### Problem details
The copy should hold only the line containing "Recycling a la carte - Recycling Today" and the lines after it through the end of the material, each exact, with no pictures.

### Source data
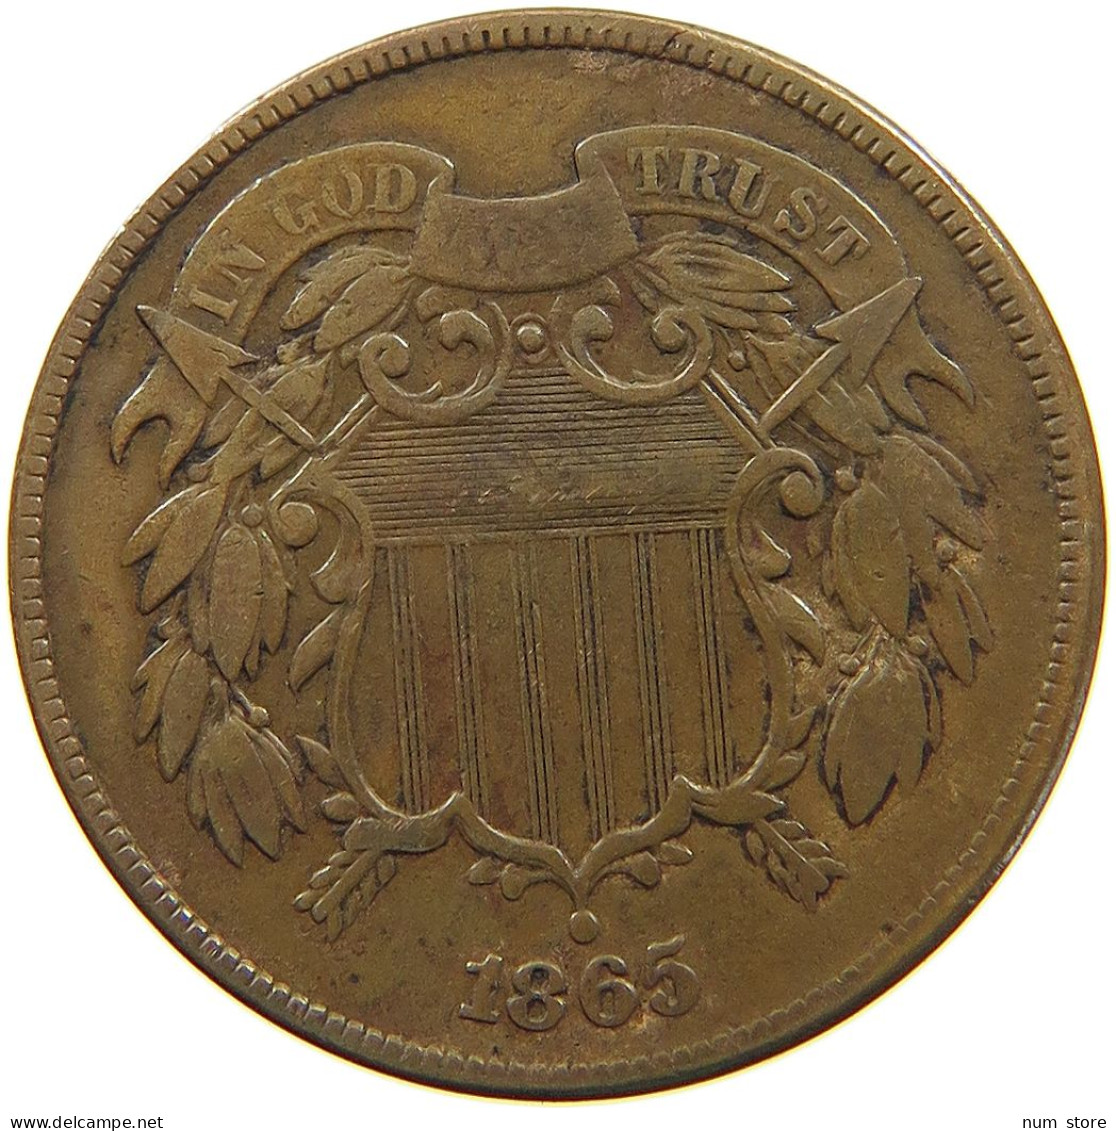 UNITED STATES OF AMERICA TWO CENTS 1865  #t086 0135 - 2, 3 & 20 Cents
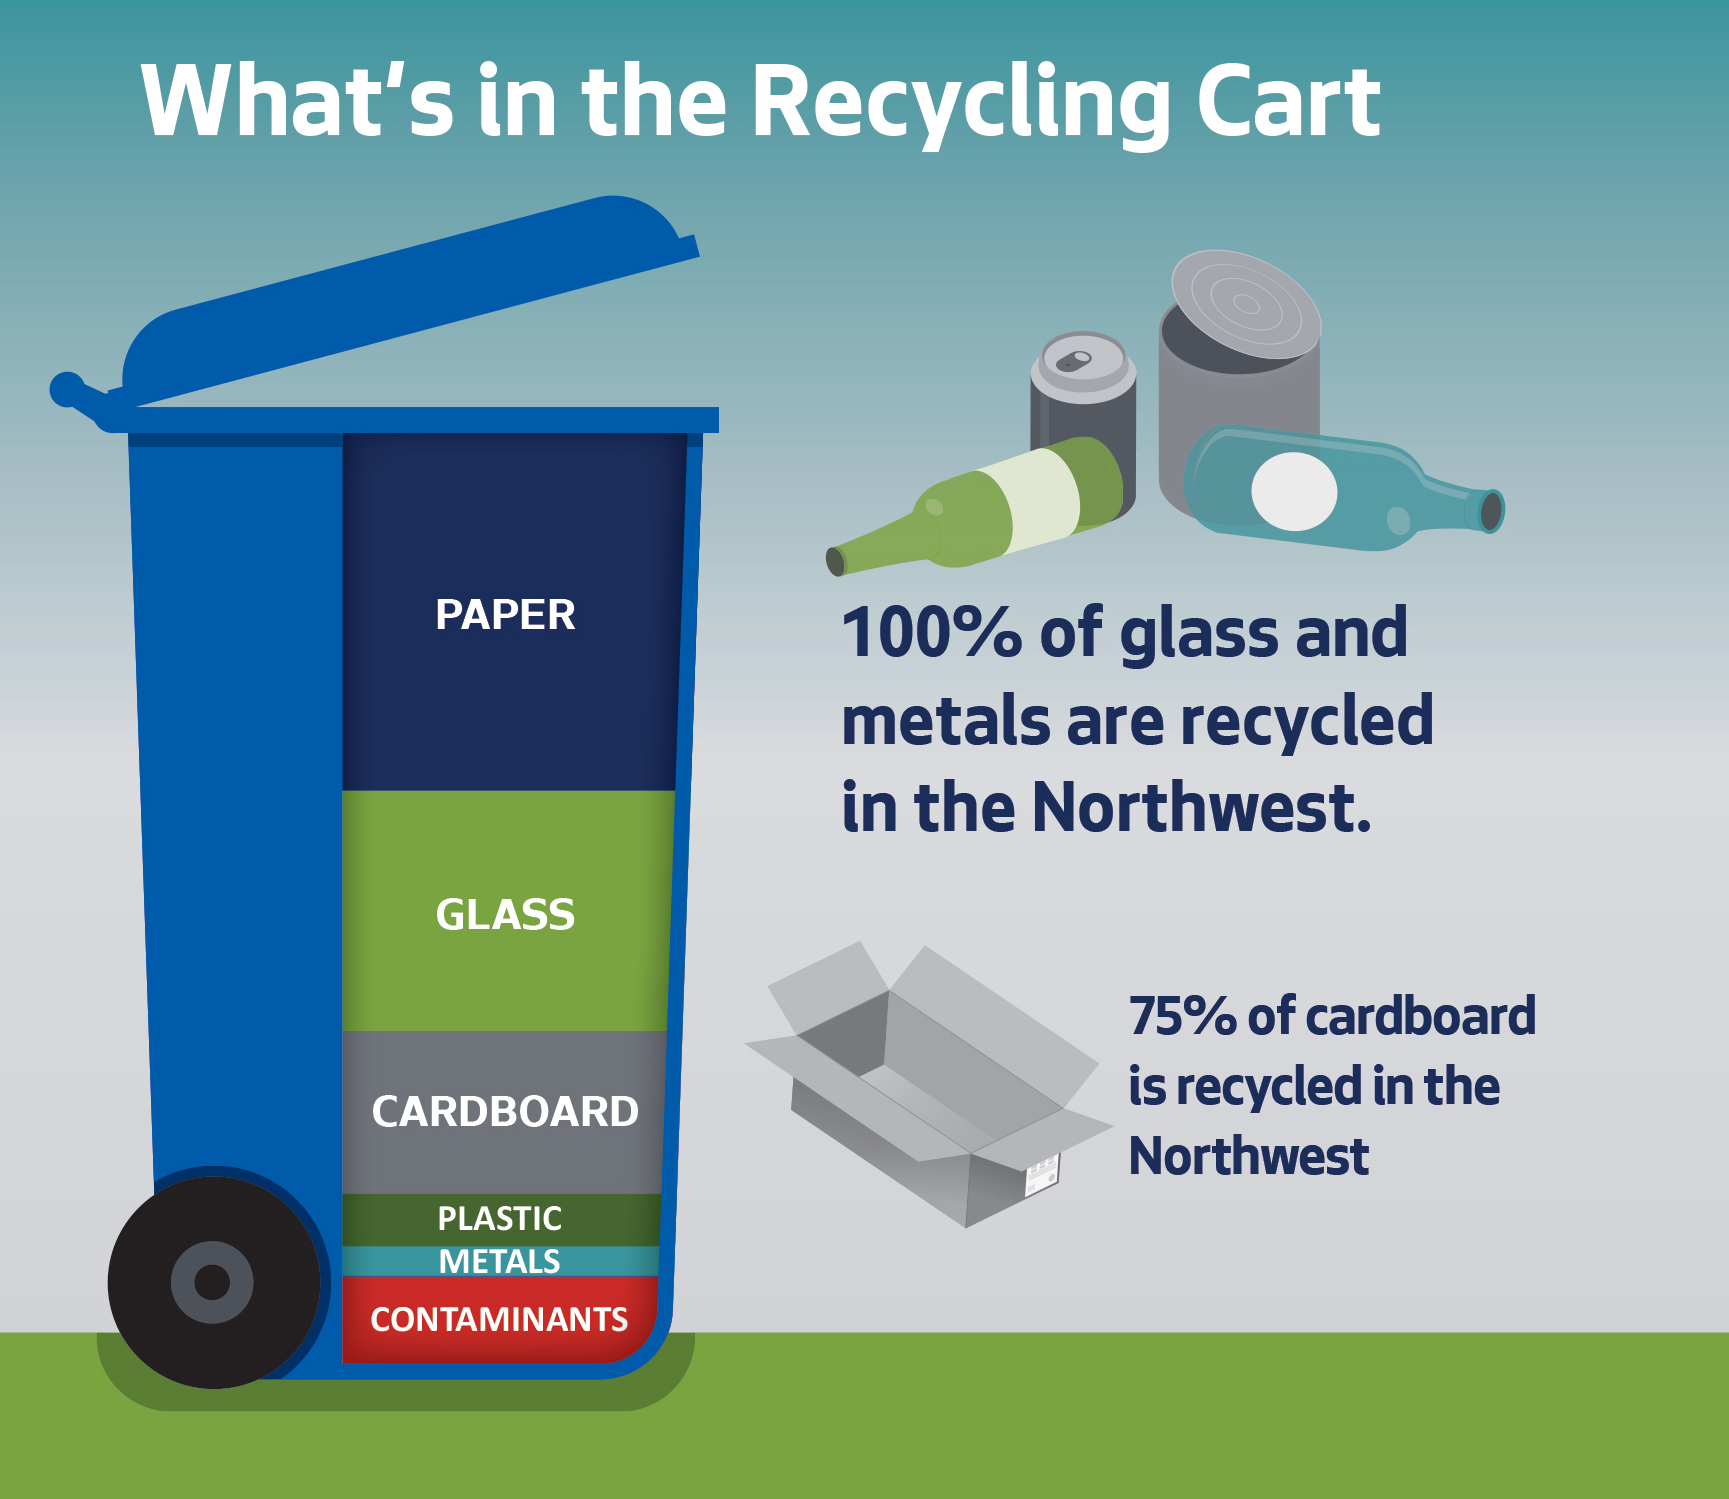 Recycling a la carte - Recycling Today
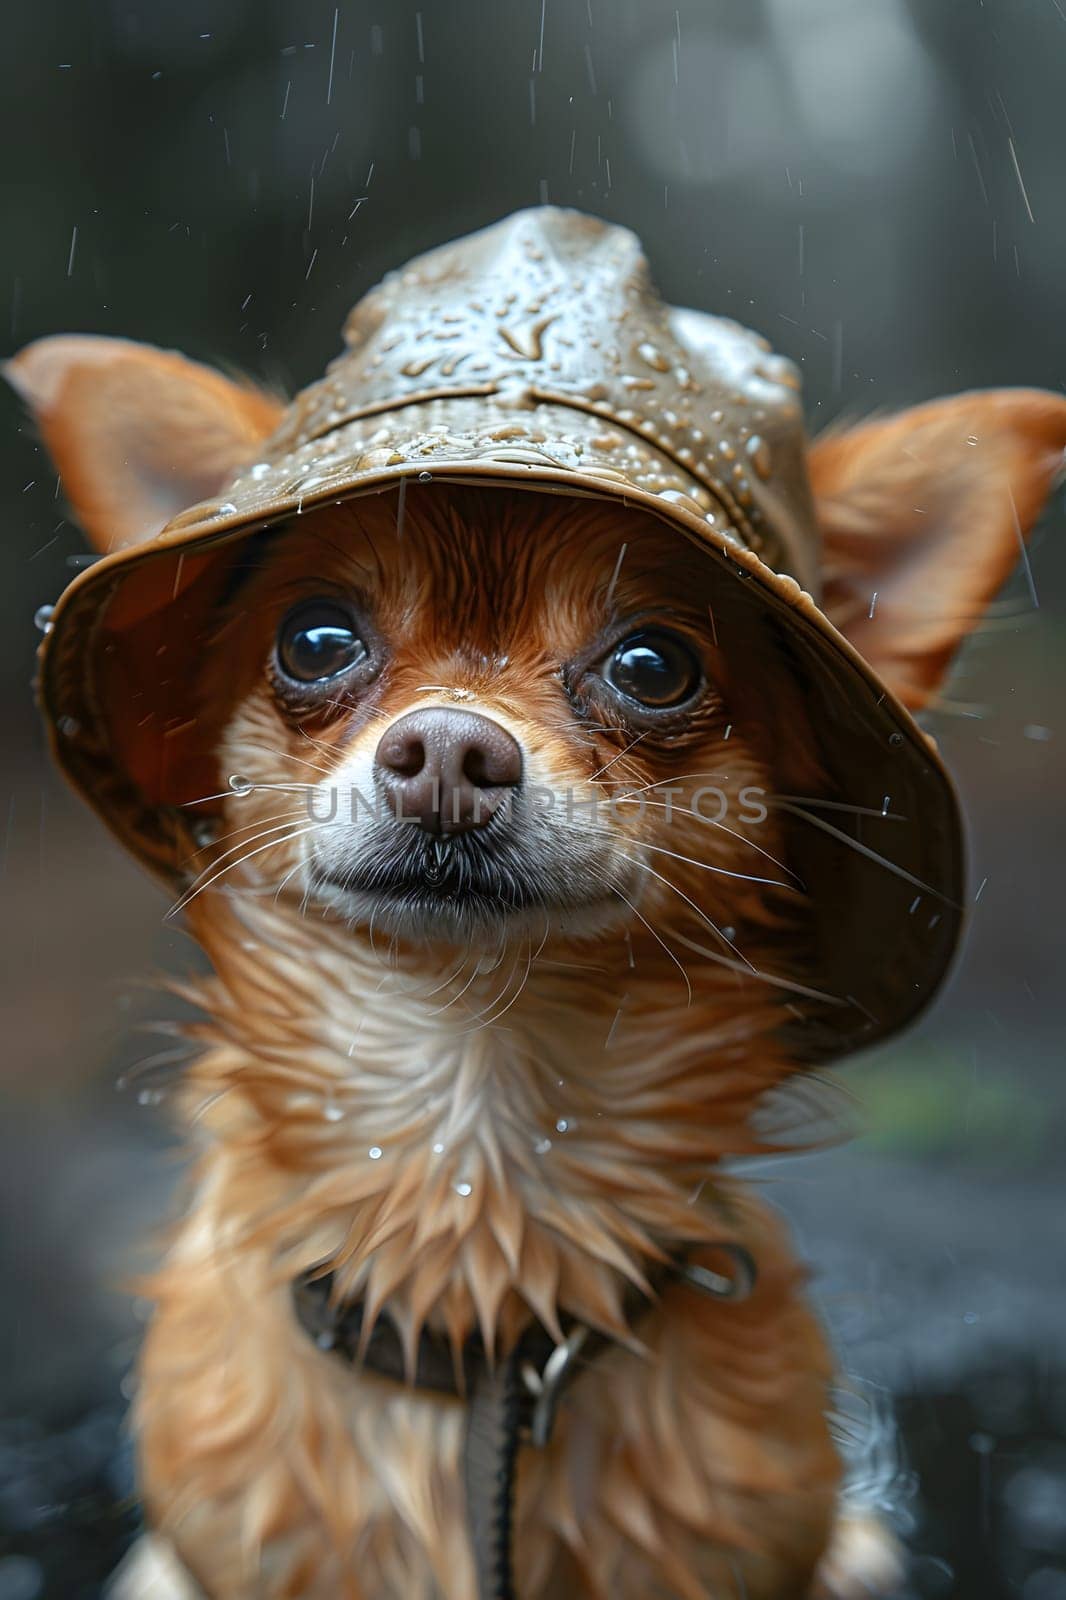 The fawncolored carnivore, a small dog breed, bravely wore a hat in the rain. Its livercolored ears and whiskers got wet as it trotted alongside its companion dog in the downpour

### Answer to this exercise
 Recycling a la carte - Recycling Today
 The fawncolored carnivore, a small dog breed, bravely wore a hat in the rain. Its livercolored ears and whiskers got wet as it trotted alongside its companion dog in the downpour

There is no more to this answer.